Reputation: 35
I want to merge the df OldData and NewData. In this case, Nov-2015 and Dec 2015 are present in both df. Since NewData is the most accurate update available, I want to update the value of Nov-2015 and Dec 2015 using the value in df NewData and of course adding the records of Jan-2016 and Feb-2016 as well.
Can anyone help?
OldData
Month Value
1 Jan-2015 3
2 Feb-2015 76
3 Mar-2015 31
4 Apr-2015 45
5 May-2015 99
6 Jun-2015 95
7 Jul-2015 18
8 Aug-2015 97
9 Sep-2015 61
10 Oct-2015 7
11 Nov-2015 42
12 Dec-2015 32
NewData
Month Value
1 Nov-2015 88
2 Dec-2015 45
3 Jan-2016 32
4 Feb-2016 11
Here is the output I want:
JoinData
Month Value
1 Jan-2015 3
2 Feb-2015 76
3 Mar-2015 31
4 Apr-2015 45
5 May-2015 99
6 Jun-2015 95
7 Jul-2015 18
8 Aug-2015 97
9 Sep-2015 61
10 Oct-2015 7
11 Nov-2015 88
12 Dec-2015 45
13 Jan-2016 32
14 Feb-2016 11
Thanks for @akrun, the problem is solved, and the following code works smoothly!!
rbindlist(list(OldData, NewData))[!duplicated(Month, fromLast=TRUE)]

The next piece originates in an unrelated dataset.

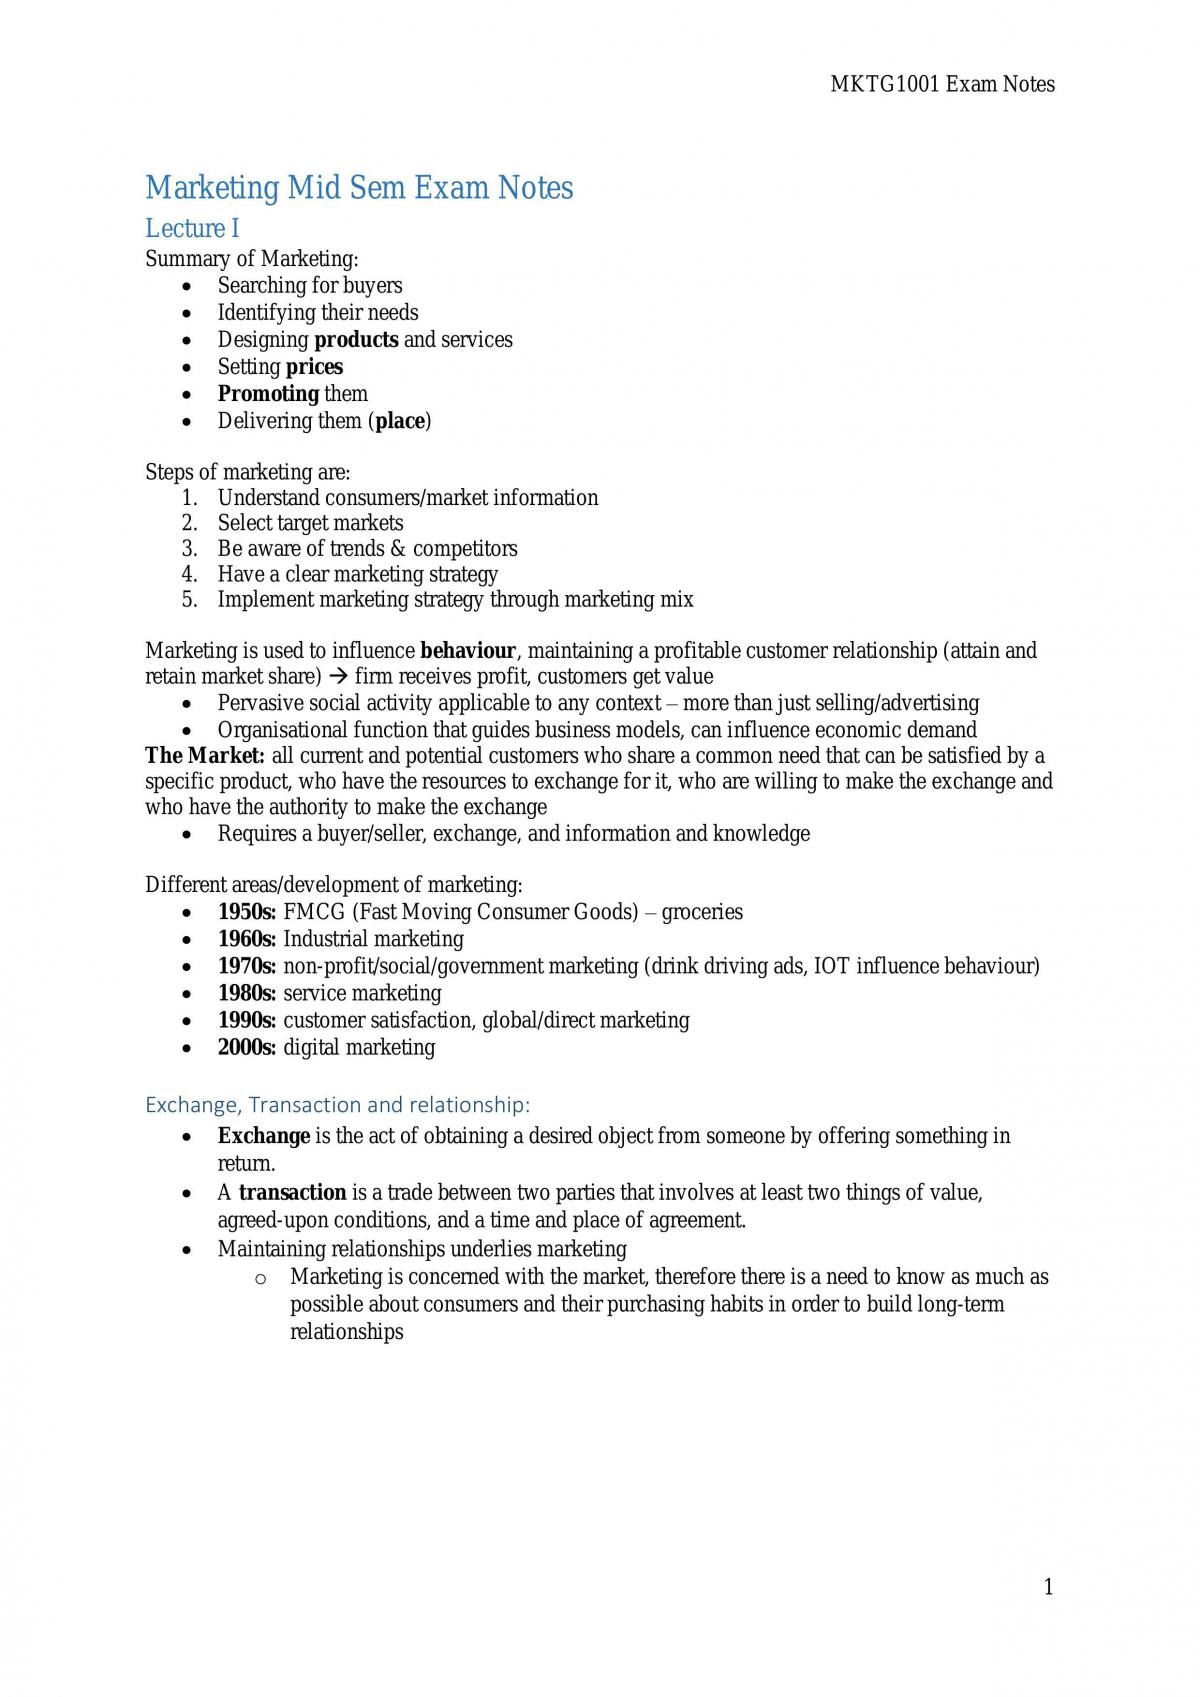 MKTG1001 Final Semester Notes - Page 1

Update: Now, let's upgrade our problem little bit. suppose our OldData and NewData have another column called "Type". How do we merge/update it this time?
> OldData
Month Type Value
1 2015-01 A 3
2 2015-02 A 76
3 2015-03 A 31
4 2015-04 A 45
5 2015-05 A 99
6 2015-06 A 95
7 2015-07 A 18
8 2015-08 A 97
9 2015-09 A 61
10 2015-10 A 7
11 2015-11 B 42
12 2015-12 C 32
13 2015-12 D 77
> NewData
Month Type Value
1 2015-11 A 88
2 2015-12 C 45
3 2015-12 D 22
4 2016-01 A 32
5 2016-02 A 11
The JoinData will suppose to update all value from NewData ass following:
> JoinData
Month Type Value
1 2015-01 A 3
2 2015-02 A 76
3 2015-03 A 31
4 2015-04 A 45
5 2015-05 A 99
6 2015-06 A 95
7 2015-07 A 18
8 2015-08 A 97
9 2015-09 A 61
10 2015-10 A 7
11 2015-11 B 42
12 2015-11 A 88 (originally not included, added from the NewData)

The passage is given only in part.